Our Haggadah has the highest profile of more than a dozen new Haggadot (the proper plural version of Haggadah) unleashed on a mostly unsuspecting public just in time for this year’s holiday observance. In a superficial way, these versions of the medieval rabbinical assemblage of prayers, stories, fables, songs, and eating rituals are a testament to the extraordinary variety of cultures and worldviews within today’s American Jewish community: a simple search for the word “Haggadah” on Amazon.com yields an impressive 1,173 results, most of them linking to publications of the past 30 years. But they also reveal the contours of a culture war. Passover is the most important holiday relating to the Jewish people as a people, and the Haggadah is the best-known Jewish text outside the prayer book and the Torah. It makes perfect sense, therefore, that it has become a political battleground, and not only within the notoriously fractious confines of American Jewry.
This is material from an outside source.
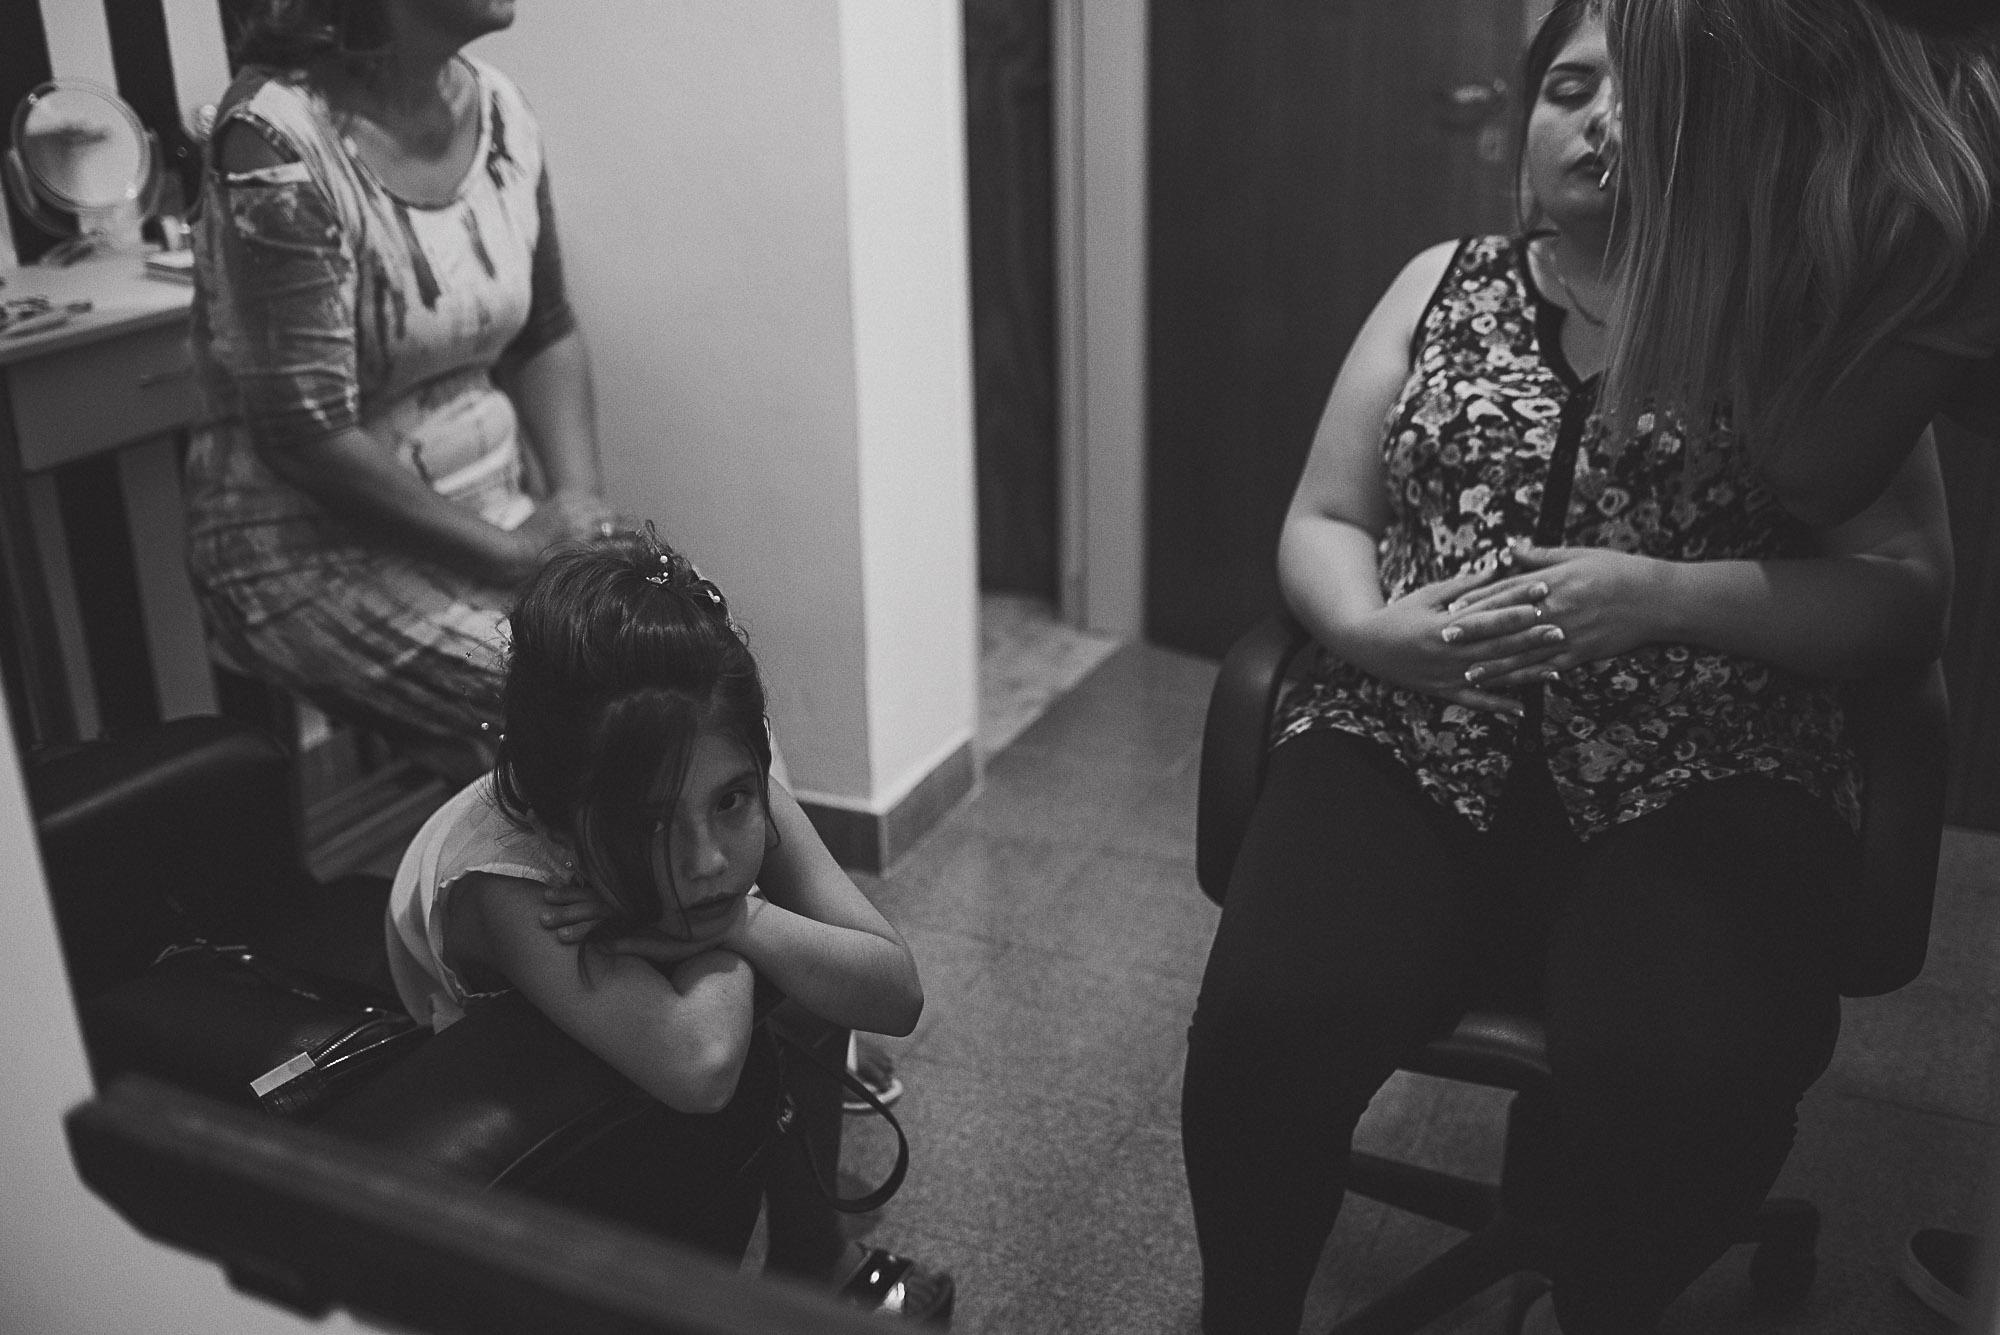 boda-vero-raul-patagonia-argentina-chilena-fotografo-de-bodas-argentina-casamiento-en-patagonia-gabriel-roa-photography-3

Indeed, several of these new approaches to the yearly Pesach feast cater to the growing trend among evangelical Christians to celebrate their own Christ-centered seders as a means of connecting with their faith’s Hebrew roots. The Lamb and His Shadow: A Christian Passover Guide features the traditional Jewish blessings and formulations, respectfully, even lovingly, presented in Hebrew, with transliteration and English translation, but packaged behind a profoundly unappetizing cover photograph of matzo-ball soup in a Star-of-David-shaped bowl, featuring twigs of rosemary and a large chunk of unskinned salmon. The commentary, by the Texas husband-and-wife team S. Blair and Tracy Korschun, ingeniously finds christological references in every Passover tradition. For instance, during the traditional washing of the hands before tasting the first bite of karpas (fresh greens), they suggest that participants should “think of the scene from the last supper where Christ washed the apostles’ feet prior to the Passover Last Supper.” Concerning the unleavened bread and the three matzo loaves of the seder plate (which are said to represent the Trinity), they note: “Christ becomes a new lump or new leaven for us which will never die or pass away. So we are being commanded to not eat of temporary leaven but rather to hold out for the eternal leaven found in the body of Christ.”
While Christians correctly insist that Jesus of Nazareth participated in Passover seders throughout his brief life, there’s no evidence whatsoever that Siddhartha Gautama, the sixth century b.c.e. Indian prince who founded Buddhism, ever sampled bitter herbs, matzo, or Pesach wine. Nonetheless, the promoters of The Haggadah for Jews and Buddhists (2006) insist that “Jewish tradition flows naturally through the landscape of Buddhist belief, enhancing, not detracting.” Its cover features a traditional statue of the Buddha, meditating in the lotus position, while a neon-illuminated Star of David glows above his head, as if to illustrate the true nature of his enlightened thoughts. Edited by Elizabeth Pearce-Glassheim, who was “raised by Catholic parents who had a lifelong fascination with Buddhism” before marrying into a Jewish family, the book carefully ensures that “the more violent elements of the Passover story are balanced by the emphasis on peace of Buddhism,” adding “an extra bit of peace, stillness and, yes, even meditation to the Passover ritual.” Considering the raucous, boisterous nature of most seders of my experience, the idea of “stillness” and “meditation” as part of the annual family gathering sounds profoundly exotic, as do the prescribed recitation of Buddha’s Four Noble Truths (a response to Pearce-Glassheim’s reformulated Four Questions) and the chanting of “Eight Verses for Training the Mind” by Genshe Langri Thangpa.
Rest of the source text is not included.